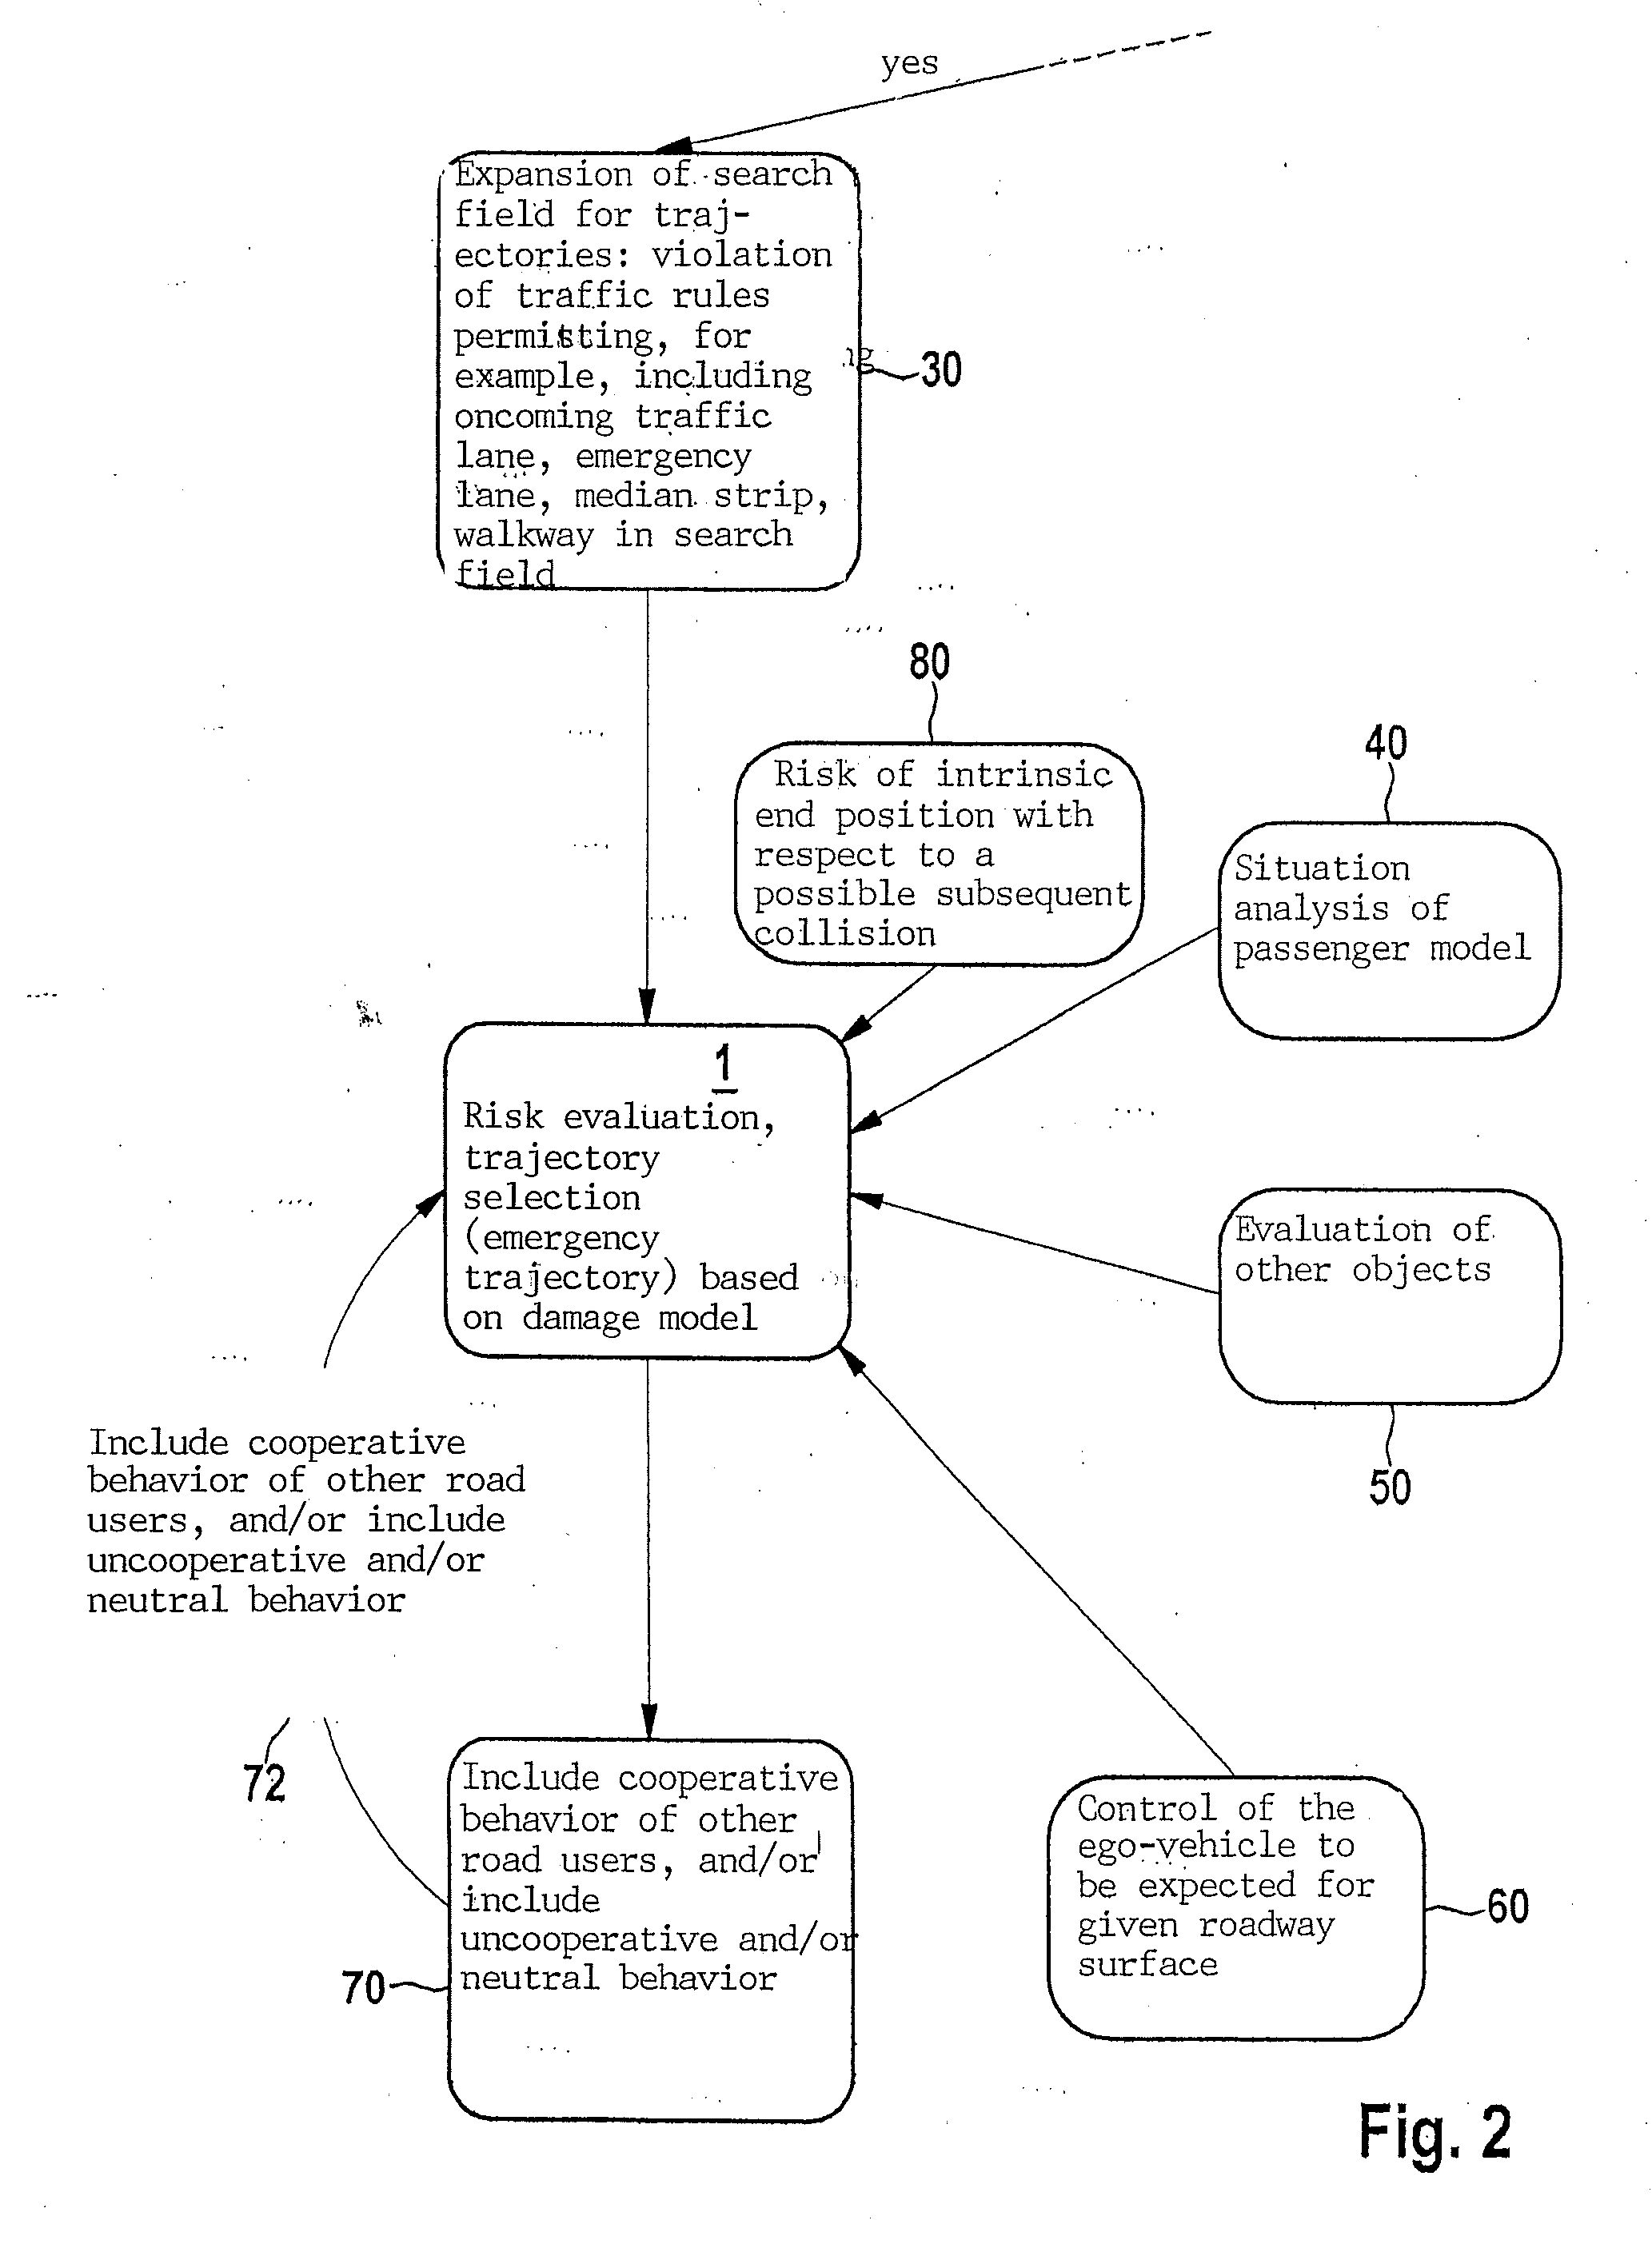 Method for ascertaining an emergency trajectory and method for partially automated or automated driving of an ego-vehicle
* * *
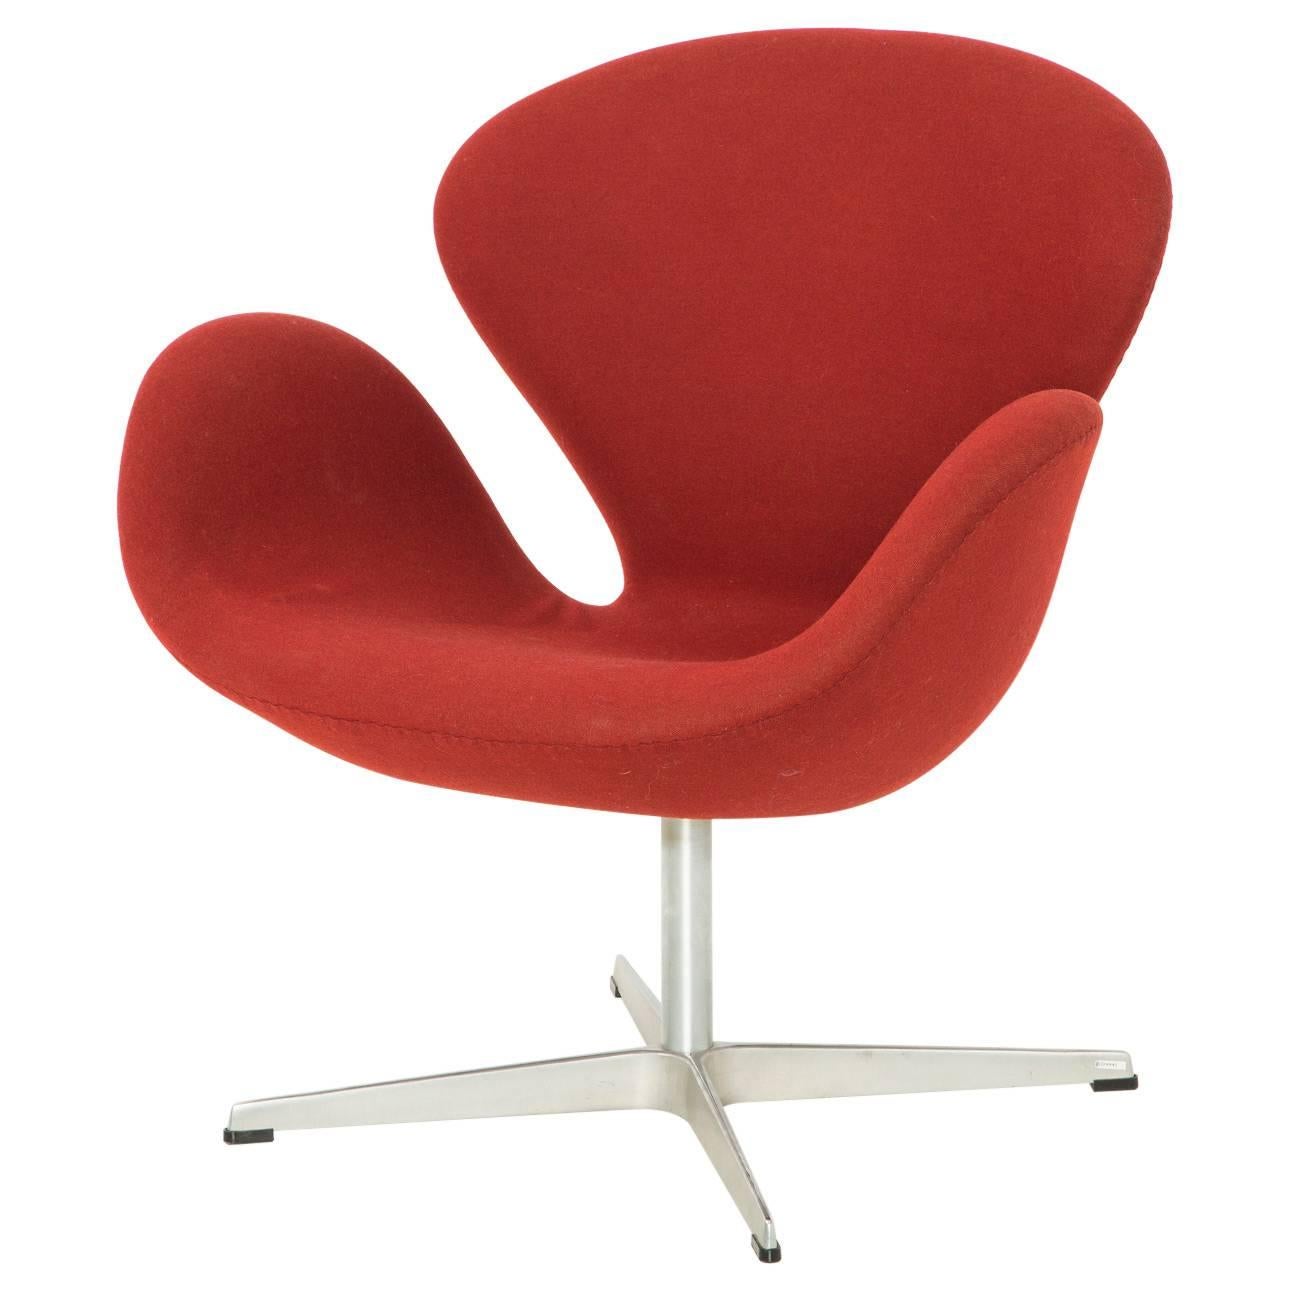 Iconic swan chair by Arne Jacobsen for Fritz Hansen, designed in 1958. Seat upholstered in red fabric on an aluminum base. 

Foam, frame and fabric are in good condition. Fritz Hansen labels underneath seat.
---
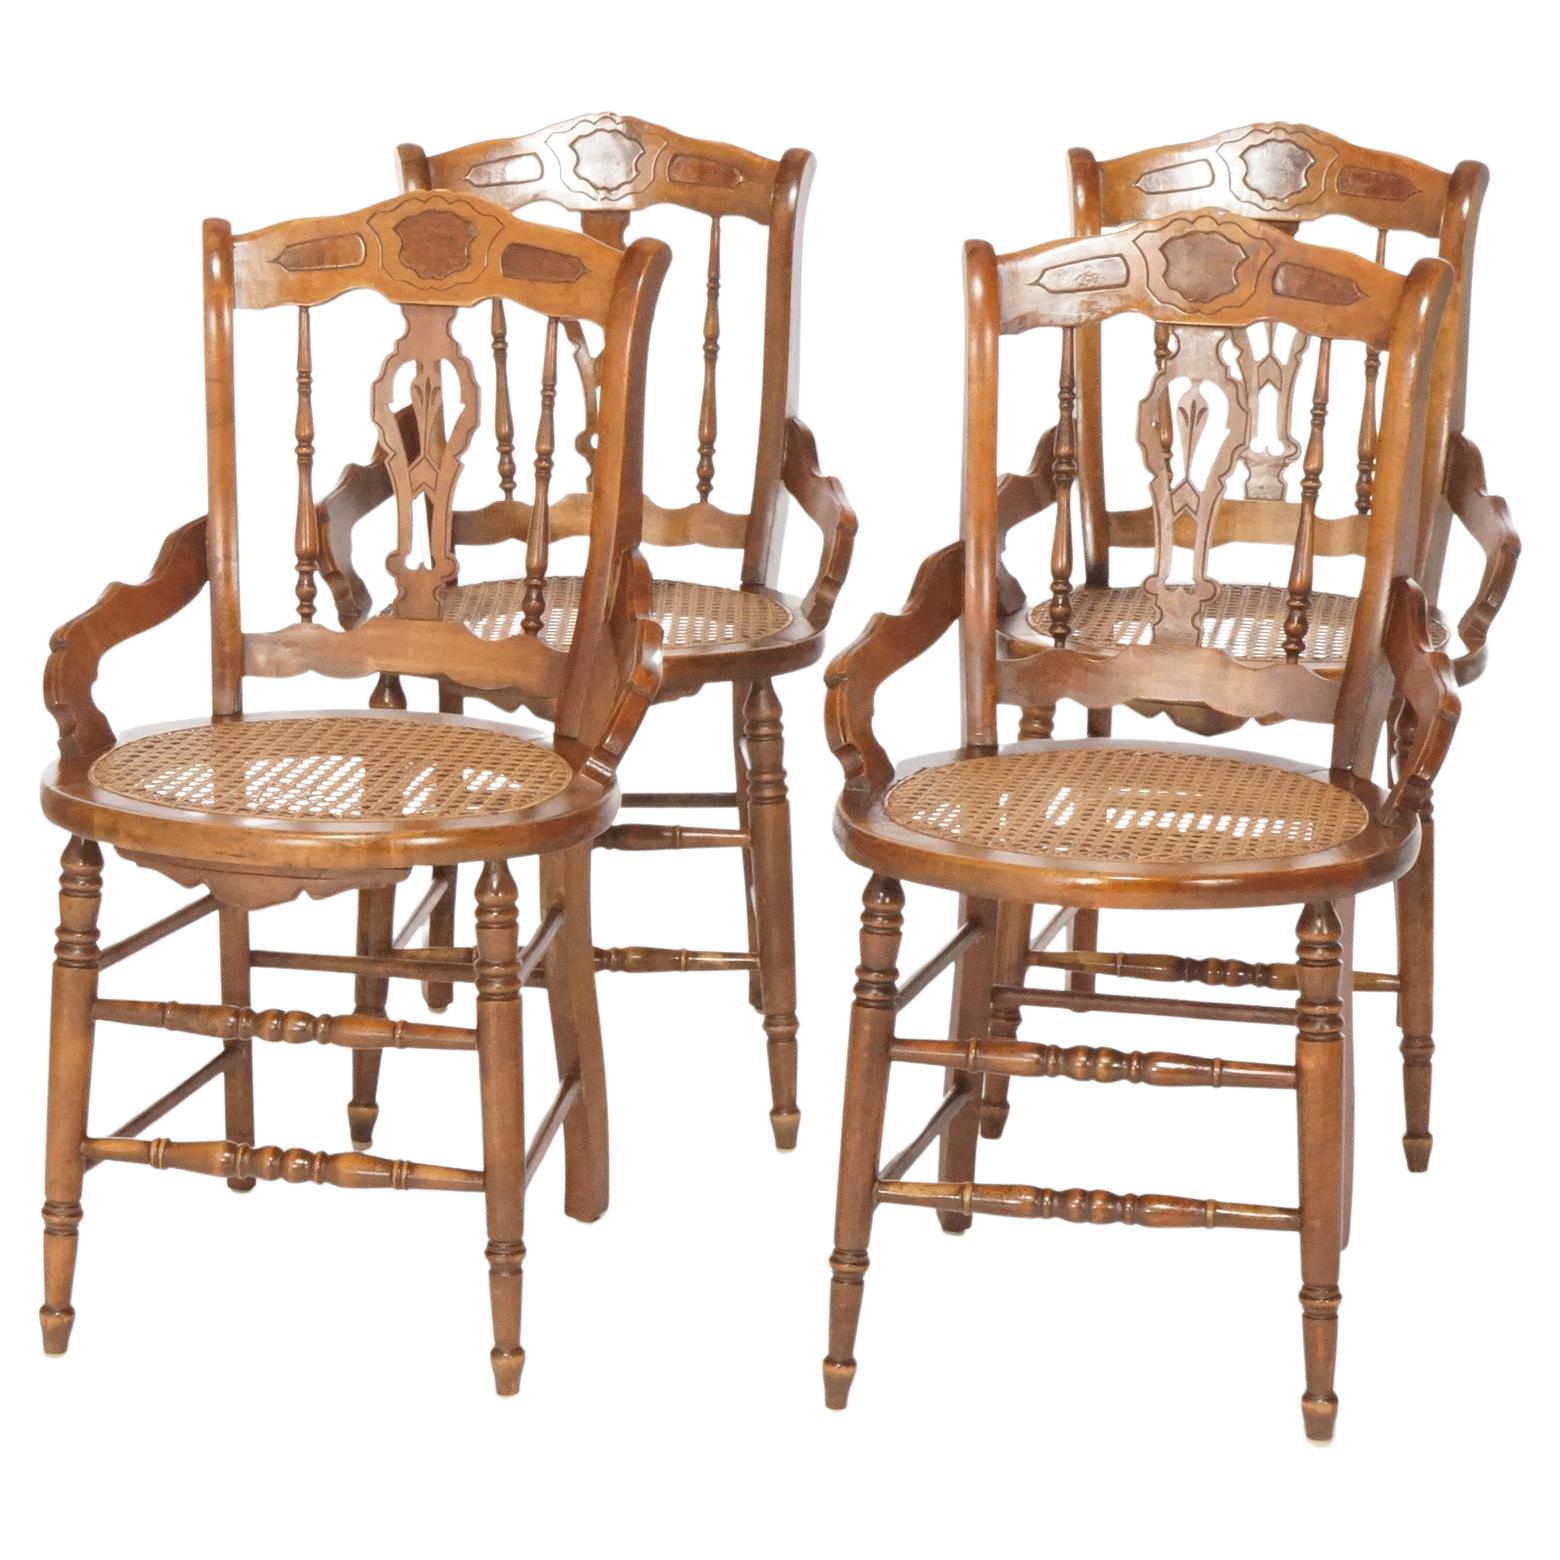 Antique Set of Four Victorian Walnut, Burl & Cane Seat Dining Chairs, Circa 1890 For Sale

◆ TASK
When you reach the line that has "Iconic swan chair" in the data above, start repeating lines exactly, and stop after the line that has "Foam, frame and"; pictures stay out.

◆ ANSWER SPACE
 Iconic swan chair by Arne Jacobsen for Fritz Hansen, designed in 1958. Seat upholstered in red fabric on an aluminum base. 

Foam, frame and fabric are in good condition. Fritz Hansen labels underneath seat.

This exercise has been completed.